Experience and planning help ESPN meet special challenges covering Australian Open

ESPN was out in full force for its 26th consecutive year covering the Australian Open: 253 technical and production personnel on hand at Melbourne Park.

Tennis’s first major of the year always presents unique challenges for ESPN — most notably, the extreme distance and time difference (16 hours) between Melbourne and ESPN headquarters in Bristol, CT.

“The time difference between Bristol and Melbourne is one of the challenges, and the distance also makes it challenging from a transmission, planning, and delivery side,” said Dennis Cleary, director, remote production operations. “However, the years of experience working this event from our operations teams both in Australia and in Bristol helps alleviate some of these challenges.”

ESPN used cabin space provided by Tennis Australia for four control rooms for ESPN’s primetime production, ITV (the six-screen mosaic on DirecTV), ESPN International, and Tennis Channel. Gearhouse Broadcast once again provided technical facilities for Tennis Australia’s host broadcast — as it did for ESPN’s host- and domestic-feed operations at the US Open.

As usual, ESPN selected an assortment of feeds from Tennis Australia and produced its domestic, international, and ITV broadcasts around those host feeds. Individual court feeds were also transmitted to Bristol for digital distribution.

“Having a single vendor in Gearhouse providing ESPN technical facilities and Tennis Australia host-broadcast facilities does provide efficiencies with onsite resources and engineering support,” noted Cleary.
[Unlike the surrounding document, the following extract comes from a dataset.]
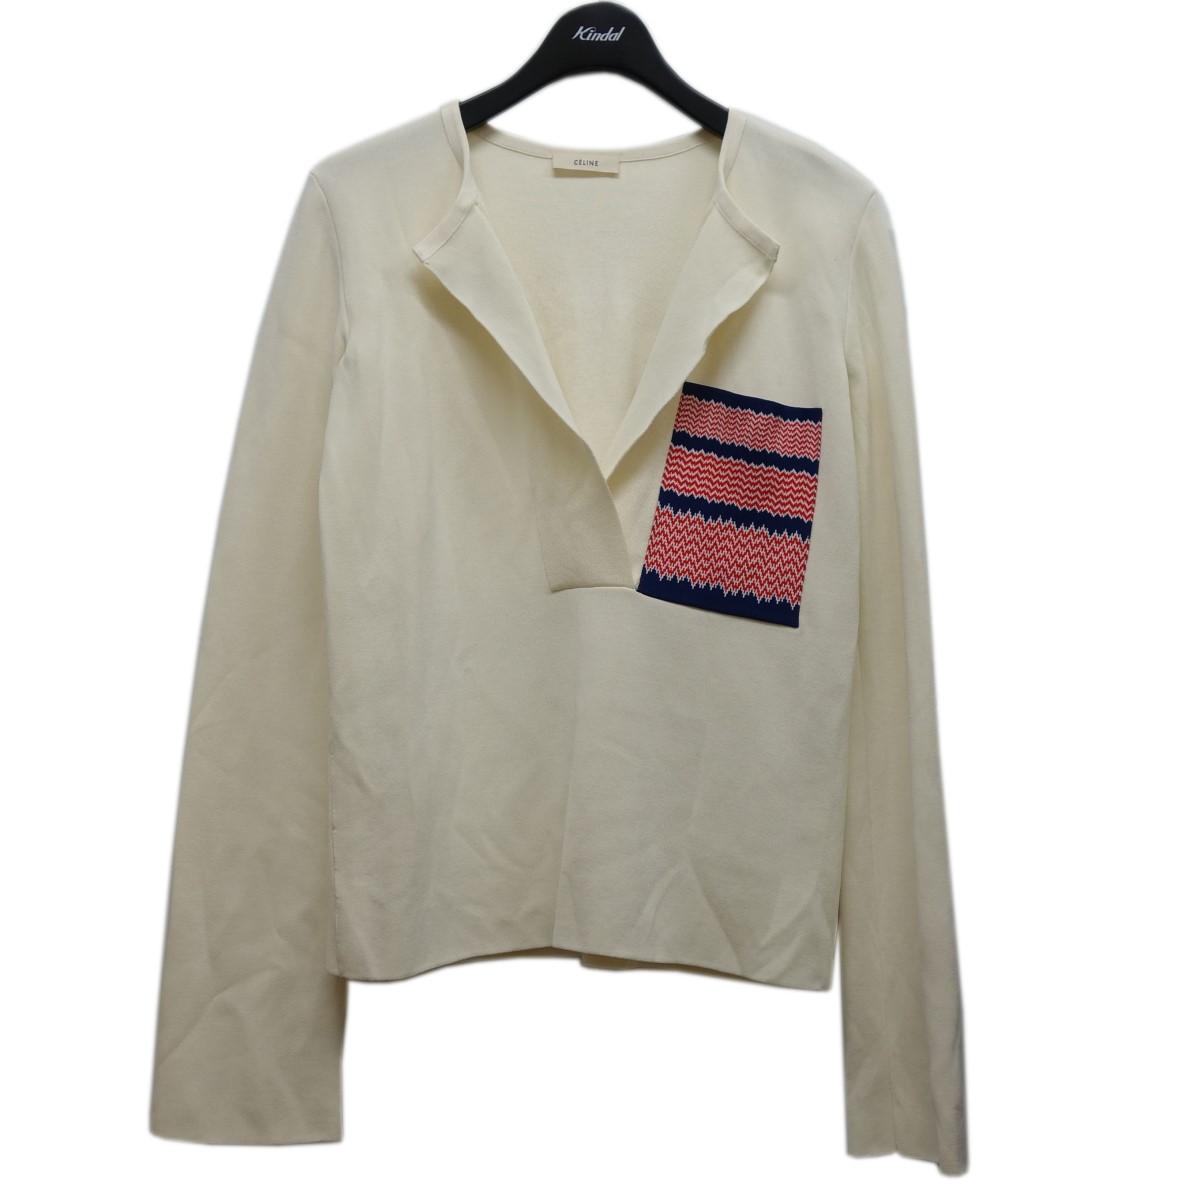 タイム セリーヌ 中古 CELINEフィービー期 お気に入 サイズ:XS 胸ポケットニット ベージュ 大幅にプライスダウン

In the first 10 days of the Australian Open, late-running matches extended ESPN’s live coverage by 15% over what had been scheduled

Given the more than 16,000 miles between Melbourne and Bristol, ESPN had to deal with a 115-ms delay for communications and two seconds for video over fibre. In addition, the distance meant that ESPN’s operations team had to be extra careful to ensure that all equipment was shipped on time.

“While planning for the tournament,” Cleary explained, “we need to make sure we have all of our shipments in line and in the hands of our vendor early so they can all arrive on time in Australia. If equipment breaks or something is forgotten, it is not easy to get something shipped from the US overnight.”

ESPN’s studio set in Melbourne was once again located on the gantry overlooking Garden Square. As for highlights of match coverage, ESPN again had access to Tennis Australia’s NetCam at Rod Laver, Margaret Court, and Melbourne arenas. A Spidercam wired aerial system was also deployed at Rod Laver Arena.

This year’s operation was led by manager Joalin Goff, senior operations coordinator Antonio Demasi, senior remote operations specialist Steve Raymond, remote operations specialist Sam Olsen, and senior operations producer Joa O’Connor — all of whom were onsite for a total of 27 days by the time the tournament concluded on Sunday.

“Over the past years,” said Cleary, “ESPN has continued to work with all of our vendors and production to find efficiencies while increasing the amount of content we produce and distribute across all of our platforms. I am very proud of our onsite operations team. Planning for the Australian Open, French Open, Wimbledon, and the US Open is a year-round commitment.”

ESPN’s production and operations teams worked as hard as ever in Melbourne, televising 110 hours of live coverage during the tournament’s first 10 days. Thanks to long-running matches’ extending the telecast windows into the morning hours, that coverage was 15% over the 95.5 hours scheduled. The teams’ efforts paid off: the audience for ESPN overnight live telecasts through the first 10 days was up 35% from a year ago, averaging 335,000 viewers vs. 249,000 in 2018.